# Good Alloy wheel refurbisher (Glasgow)



## Stepho (Jan 25, 2007)

I am looking for an excellent wheel refurbisher in the Lanarkshire/Glasgow area. Not interested in the guys who do it from the back of a van,(no offence to these guys) but really looking for a proper 'like new' finish.:thumb:


----------



## S-X-I (Sep 6, 2006)

I've used a place called Powdertec in the past.

http://wheelsrefurbished.com/

Results can be seen in this thread.

http://www.detailingworld.co.uk/forum/showthread.php?t=37629

Will have to get an alloy powercoated in the next few weeks and I'm considering this place due to the wider variety of finishes availible.
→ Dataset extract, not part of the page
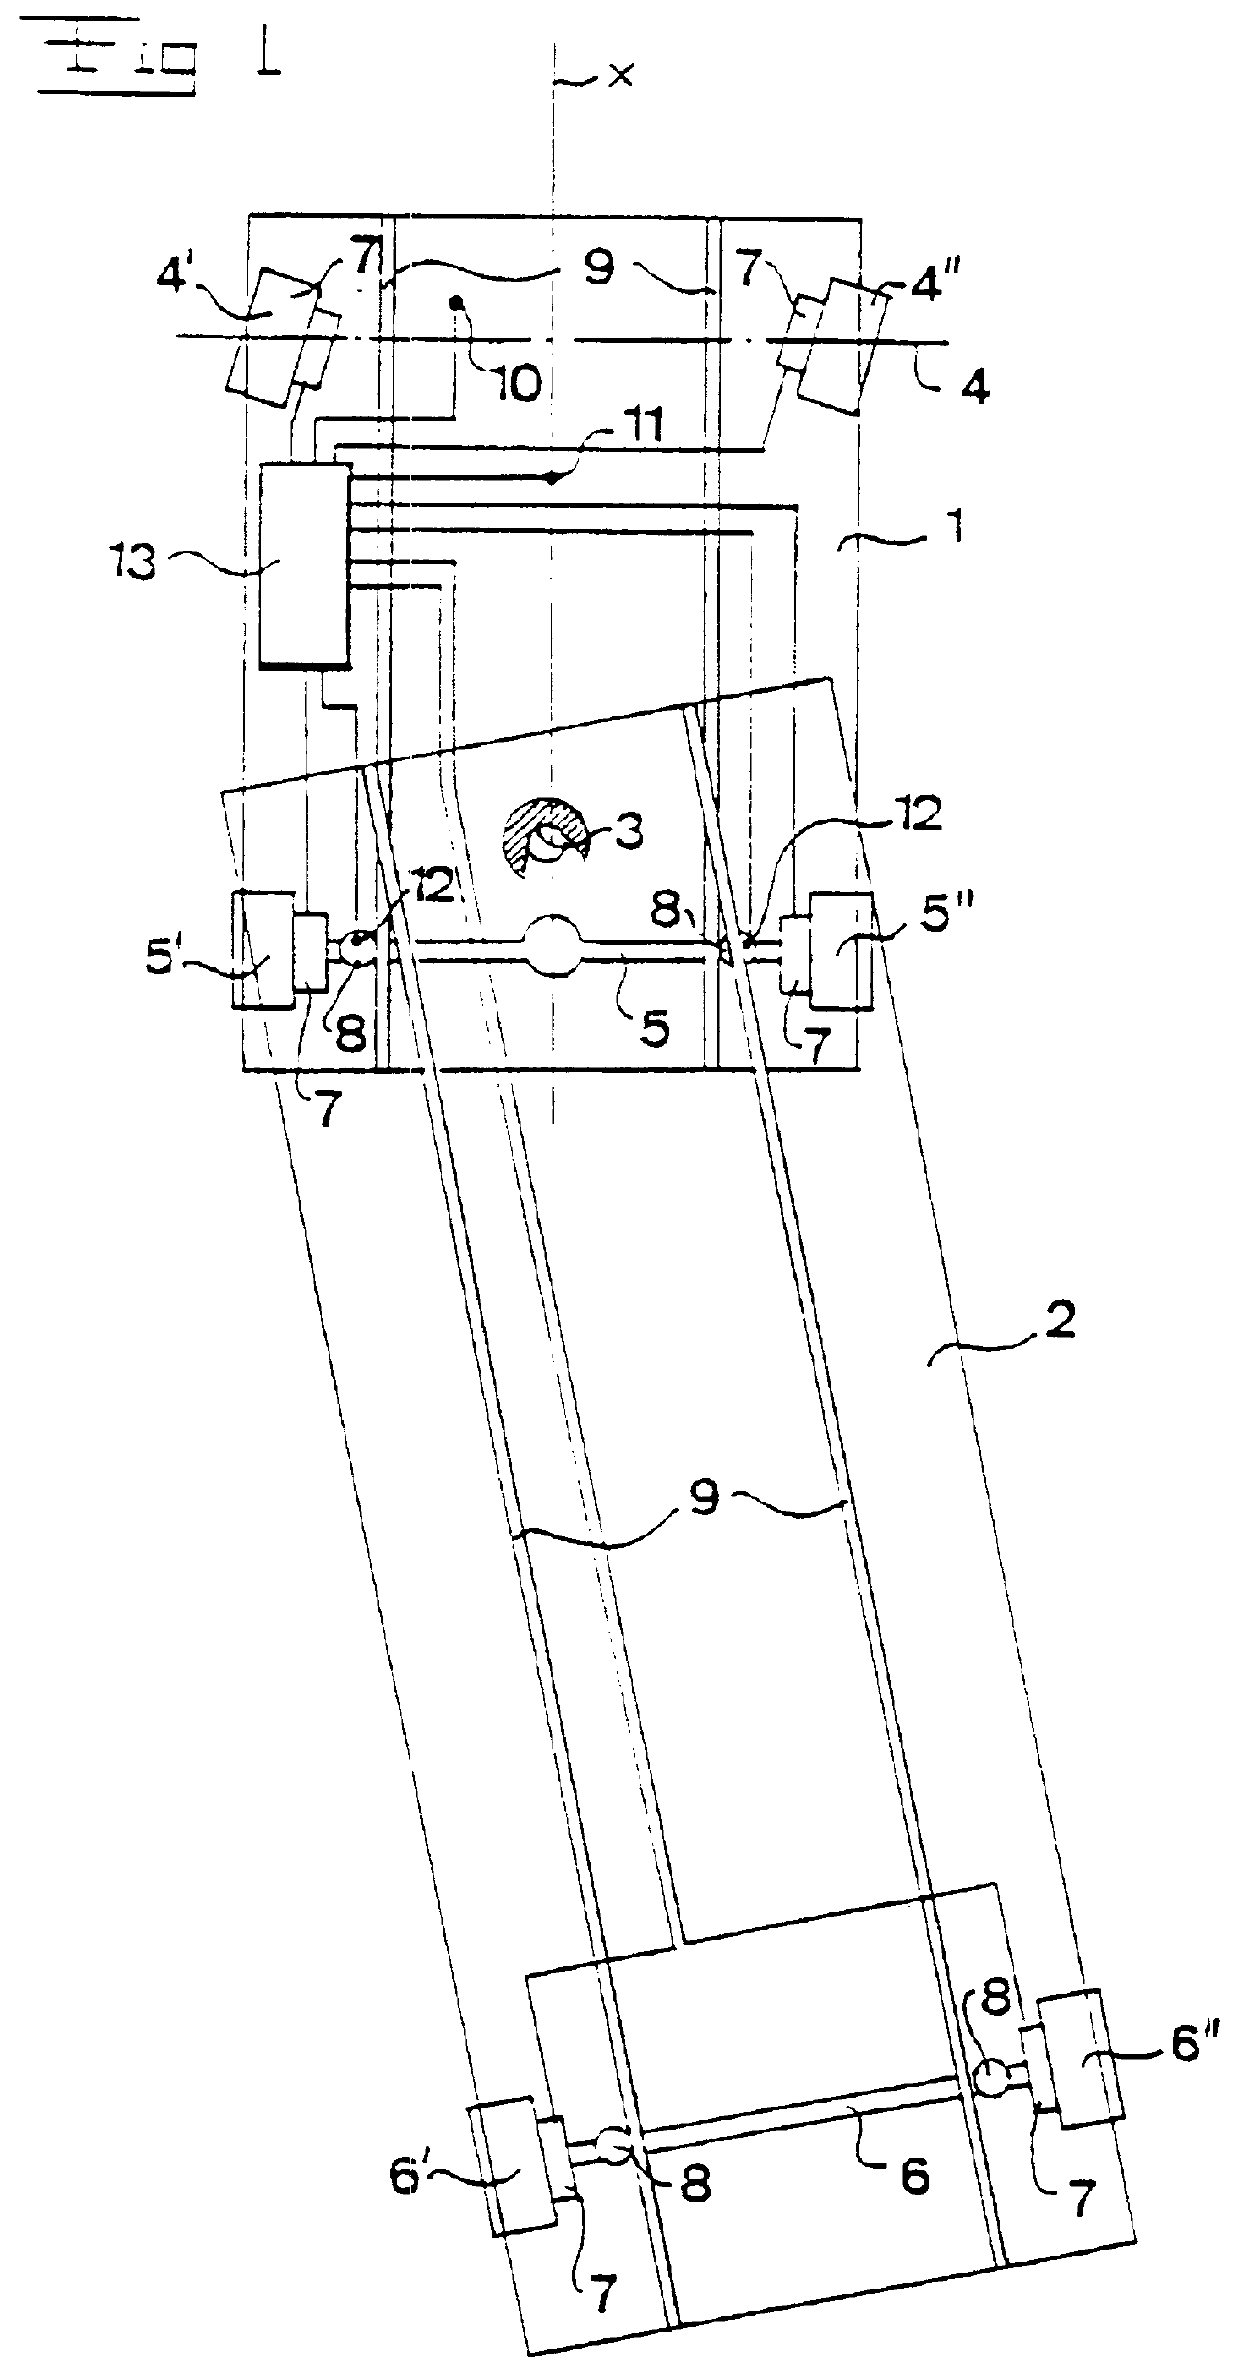 Device for a vehicle

http://www.thewheelspecialist.co.uk/


----------



## Sandro (Mar 16, 2008)

Chameleon in paisley have been getting good reviews from those that have used them


----------



## badly_dubbed (Dec 11, 2008)

is chameleon mikes place aka the polisher, if so hes a legend in that department :thumb:


----------



## David (Apr 6, 2006)

chameleon are in Renfrew

he also runs a hand carwash now :lol: expanding

ive used chameleon twice


----------



## donnyboy (Oct 27, 2005)

badly_dubbed said:


> is chameleon mikes place aka the polisher, if so hes a legend in that department :thumb:


Are Mike and Craig still doing it? I think they had a place in Govan.
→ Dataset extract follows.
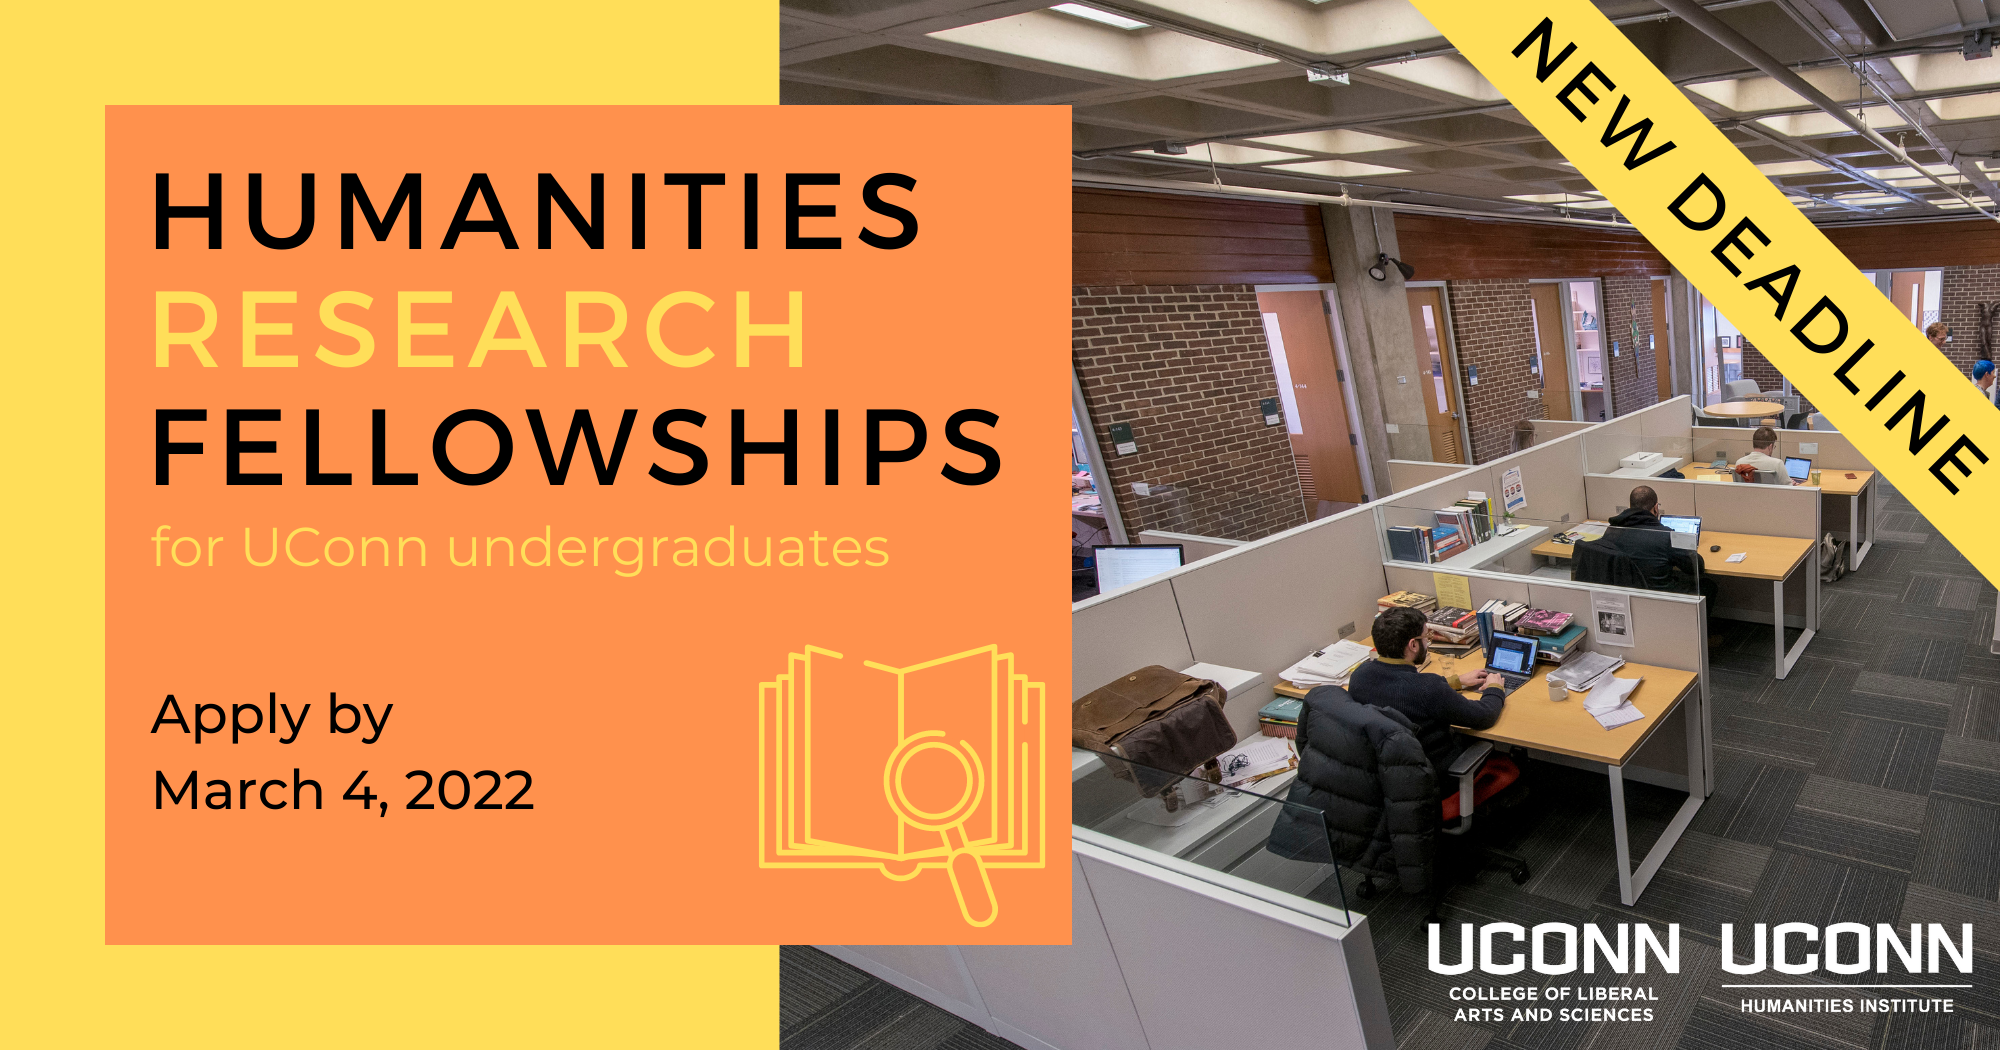 NEW DEADLINE: Humanities research fellowships for UConn undergraduates. Apply by March 4, 2022.

Chameleon is a different guy. I've heard they are good.


----------



## fraz1975 (Jul 29, 2007)

+1 again for Chameleon, good guy, happy to show you exactly what he is doing. Does a fair bit of work for Audi at Braehead and a few of the car clubs (including one of the Scooby clubs IIRC)


----------



## mark-gts (Jul 27, 2006)

badly_dubbed said:


> is chameleon mikes place aka the polisher, if so hes a legend in that department :thumb:


as far as im aware chamelon do mikes colour coding and mike solely does the polishing which he is the king at!!


----------



## jerry318 (Feb 16, 2006)

another thumbs up for Chameleon here


----------



## illeagalhunter (Jun 17, 2007)

Powdertec are awesome


----------



## andyboygsi (Aug 30, 2007)

willy at chameleon is spot on


----------



## Grizzle (Jul 12, 2006)

S-X-I said:


> Will have to get an alloy powercoated in the next few weeks and I'm considering this place due to the wider variety of finishes availible.
> 
> http://www.thewheelspecialist.co.uk/


Old post....

But went to see this guy today about powder coating my wheels same day service £250 spoke at length about various finishes and opted for a power silver i think its called basically an OEM colour from BMW :thumb:

Oh avoid the old road into East Kilbride i nearly got the car wedged in a bridge!


----------



## 47p2 (Jun 17, 2007)

I've used Chameleon on two occasions, the first time it was the original guy who started up the business (he used to work for ESP) and the finish was spot on, the second time was a few years ago when the business had been bought over and to say I was disappointed is an understatement. The wheels were very poorly finished, the inside rim is as rough as a badgers a*** and the clear coat started crazing just after 12 months.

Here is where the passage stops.